性の倒錯、それによる迷いや揺れがものすごく前面に出ている映画でした。
結婚7年目の若い夫婦のインド旅行に向かう船旅。そこで出会った不思議な美女と車椅子の男の夫婦。
夫(ヒューグラント)は何故か車椅子の男から夫婦の出会いから始まる身の上話を聞かされることに。だが、倒錯と屈折に満ちた性愛について聞かされるうちに、ヒューグラントの心も無意識に揺れるのであった…。
ロマンポランスキーの癖(へき)全開!最高!っていう。
それ以外の言葉が見当たらないほどに作り手の切実さに溢れてる。
正直登場人物たちの気持ちを理解するには人生経験が足りてない僕ですが、でもこの映画のヒューグラントやピーターコヨーテには爆笑しながら「オイオイ!」と突っ込む反面で「もし自分が全く同じ状況だったとしたらこうなるかもしれない」とも考えてしまいました。
ヒューグラントの一連の行動、ピーターコヨーテの行動は性欲特有の身勝手さがある。
勝手な願望や崇拝で相手に期待し、勝手に失望し、勝手な理屈で突き放す。一目惚れ(じゃなくても)の行き過ぎた末路として似たような話は現実にいくらでもあるよね。

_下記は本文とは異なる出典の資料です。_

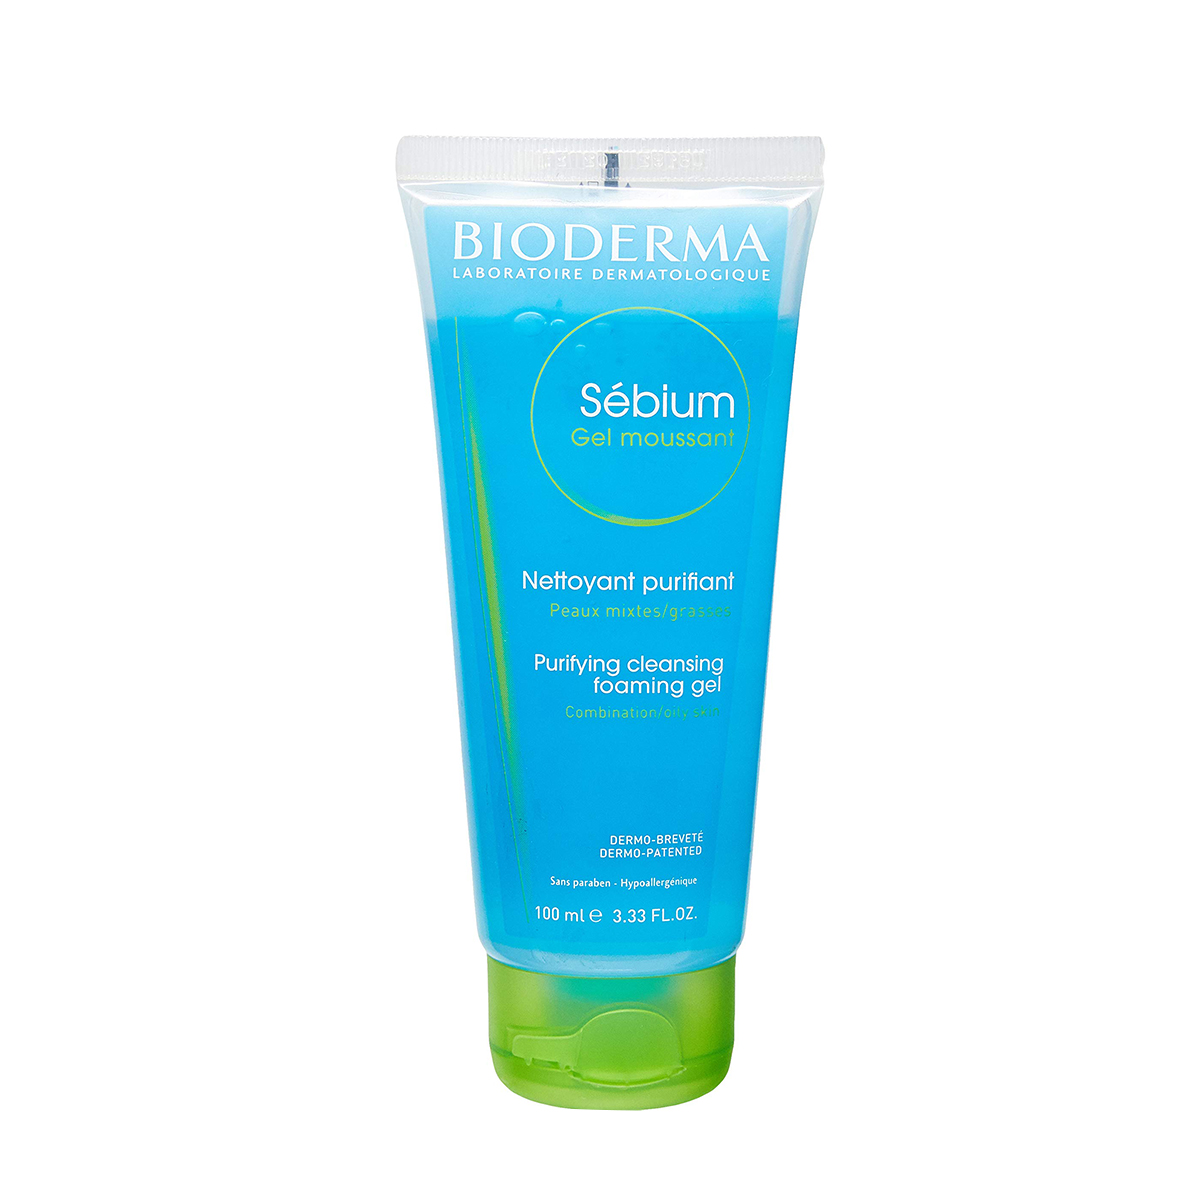 1. Bioderma Sebium Foaming Gel Facial Cleanser for Combination to Oily Skin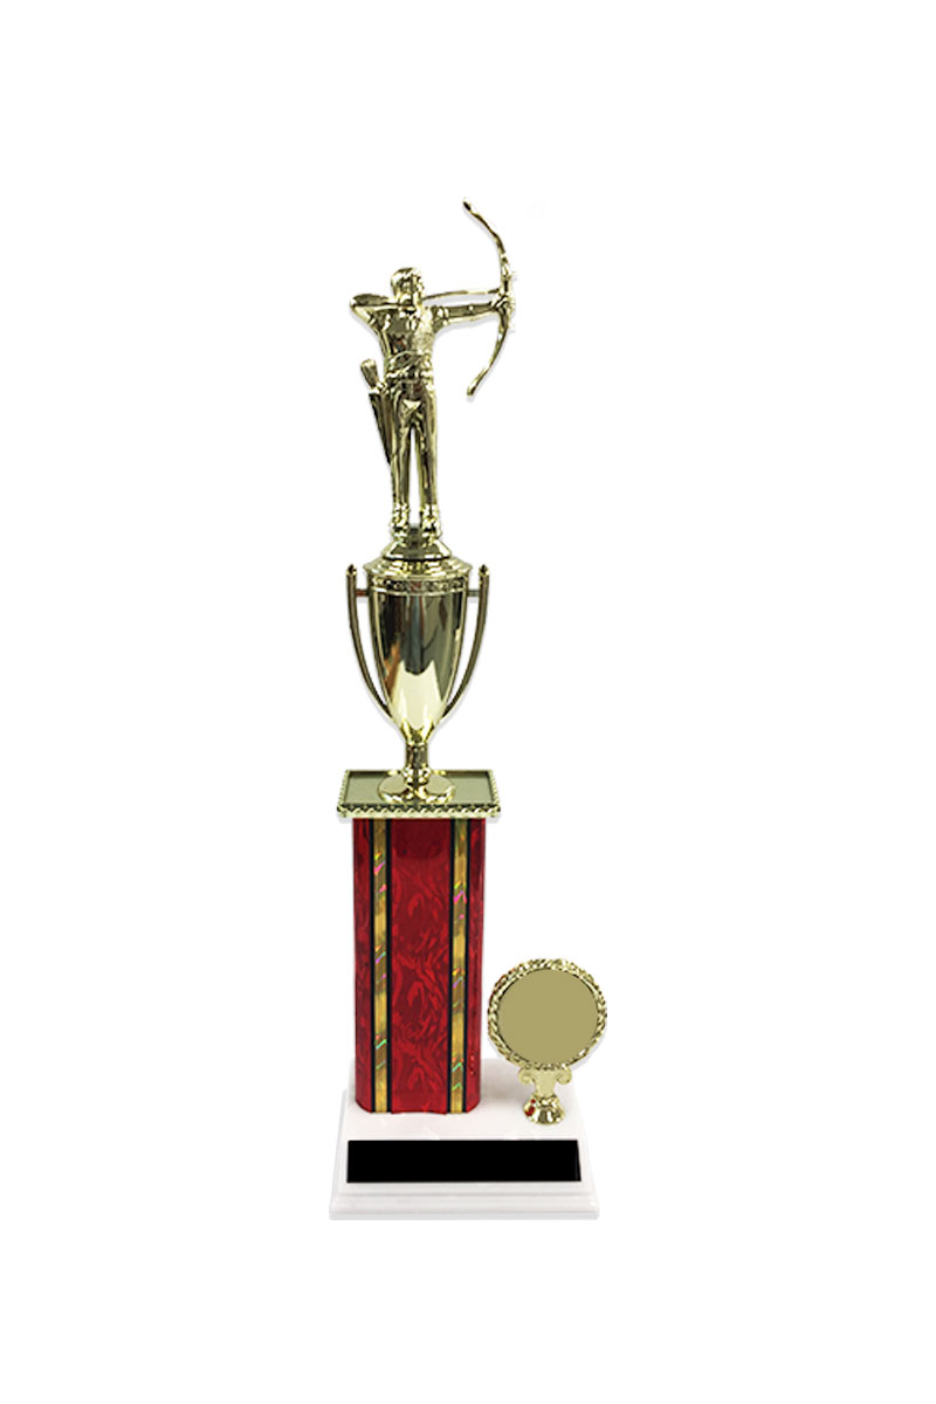 NASP® 1 Post Trophy

もちろんこれは現実では男と女、どちらでもあるお話ですが、この映画ではその身勝手さを男が引き受けている。
2人の妻は同じような不誠実、不義理を受けていたわけで終盤の展開は急でありながら誰もが納得したと思います。
そして衝撃のラストはまさに男の身勝手な終わらせ方なわけで、彼女の涙は…受け止める彼はすっごい複雑な気持ちなんじゃないかな。
彼ら多分この映画のあと、別れるぜ。